Queensbridge teen’s coach fired after trying to memorialize her
By Joseph Staszewski

Kasim Alston has been fired as the Bishop Loughlin varsity girls’ basketball coach after leading the school to the state Federation Class A title last season, he told TimesLedger Newspapers. Assistant Coach Chez Williams was promoted to the head job.

Alston got into a heated argument at a Sept. 17 coaches’ meeting with athletic director Angela Proce over the direction of the second annual Chicken Stop the Violence Classic, a one-day girls’ basketball event in memory of Tayshana “Chicken” Murphy, Alston’s goddaughter and a former Loughlin player, who was shot dead Sept. 11, 2011.

According to Alston, Proce abruptly told him the school would have hosted a stop-the-violence-themed event in December, but did not want Murphy’s name associated with it. Upon hearing that, Alston lost his temper and told Proce that “the school wasn’t [expletive],” Alston said.

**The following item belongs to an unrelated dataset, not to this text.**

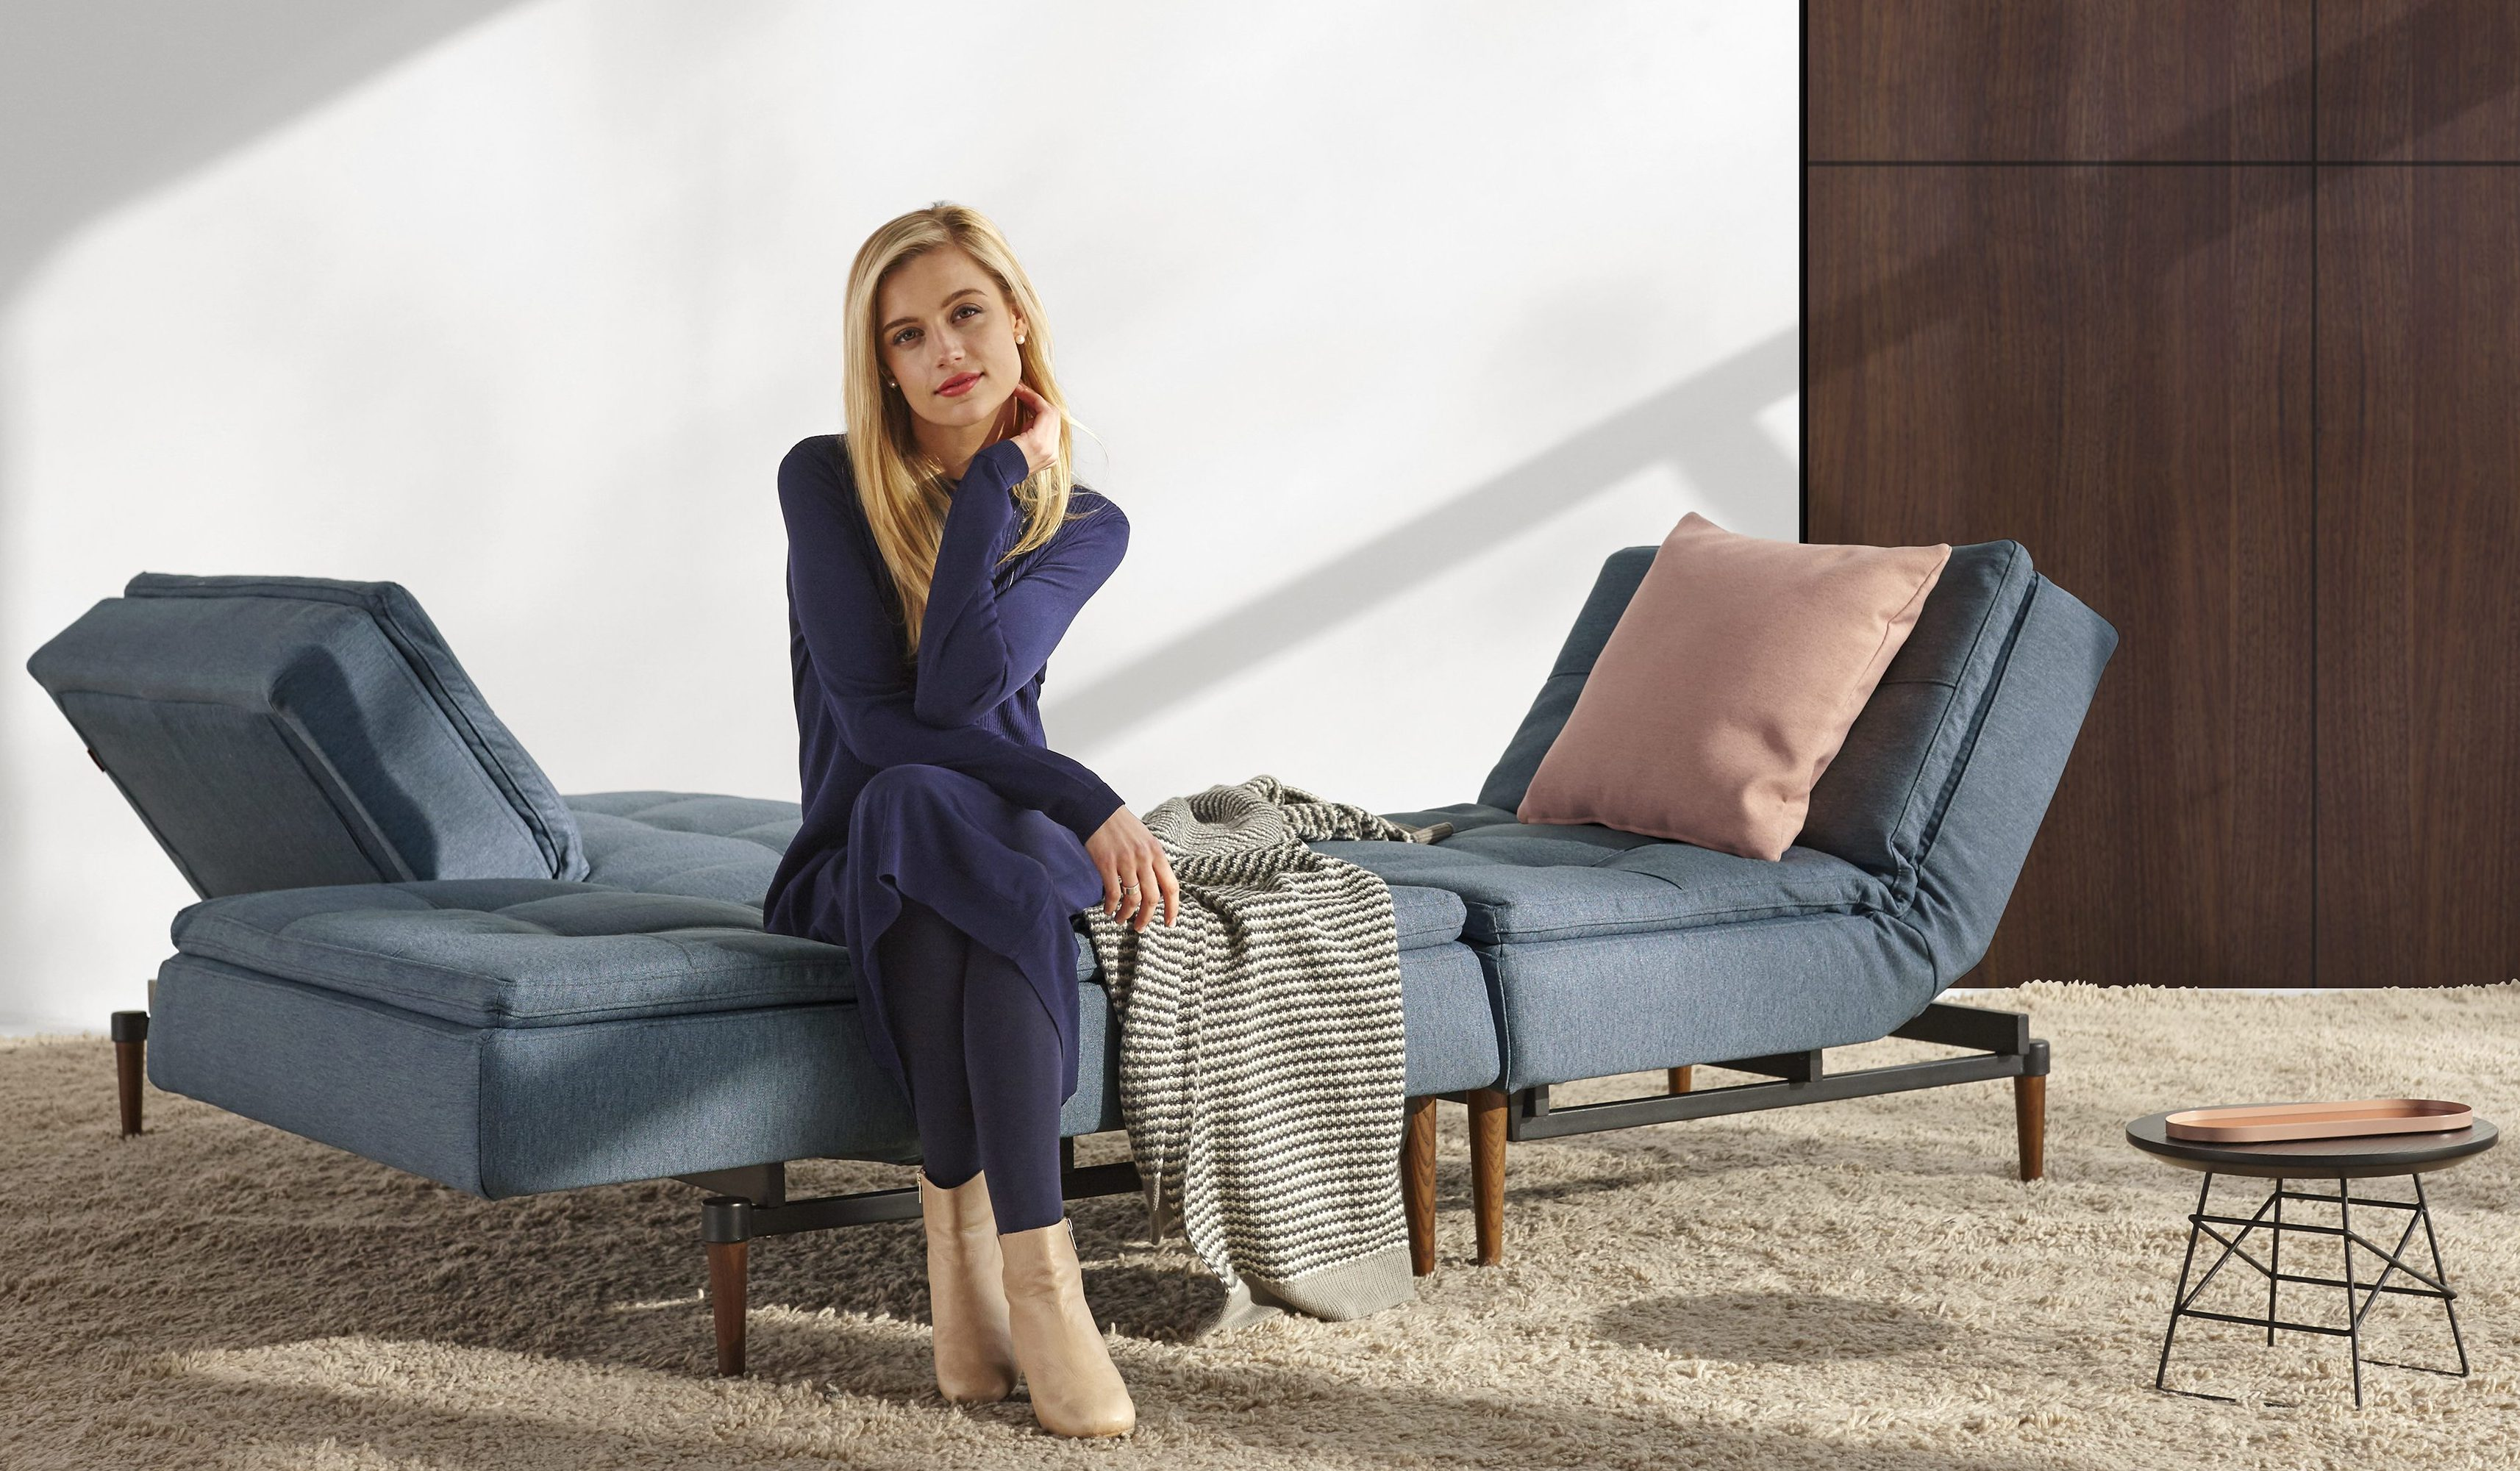 Dublexo-sofa-chairs-558-soft-indigo-dark-styletto-legs-1

Proce told Principal James Dorney and Alston was eventually fired Sept. 24.

“I’m like Chicken’s father,” said Alston, who was set to start his third season as head coach. “I lost a loved one. Maybe [Proce] didn’t mean to come off the way she did, but she came at it the wrong way.”

Loughlin didn’t host last year’s event, which was at Nazareth. Murphy was expelled from the school after getting into a fight at a boys’ basketball game midway through her sophomore year in 2010, but the team dedicated its title run to her last season.

Alston would have liked a chance to discuss the continuation of what he hoped would be an annual game. Instead, he became the second consecutive coach fired after winning the state Federation Class A crown. Molloy’s Tom Catalanotto was dismissed in 2011.

“We could have set up something, had a meeting,” Alston said. “Then she could have told me how she felt …. To me … they still hold a grudge for something Chicken did in 10th-grade.”

Proce referred all comment to Dorney, who refused to discuss the incident, the reason for Alston’s departure and the school’s stance toward Murphy. He did say he appreciated what Alston did for the school during his six years there and wished him the best.

“That’s not anything I would discuss with people on the outside,” Dorney said. “Anything we do here is internal.”

Dorney would not comment on whether he was happy with Alston’s achievements on the court. Alston won a Brooklyn/Queens Division II junior varsity title and helped guide the program to success after a winless season under former Coach Rocco Romano in 2010. Dorney also disputed Alston’s claim that the school has not done anything for the players after winning a state title, something Alston voiced at the school’s awards dinner.

“We did,” Dorney said. “But again that’s internal things that we do and I wouldn’t go into detail.”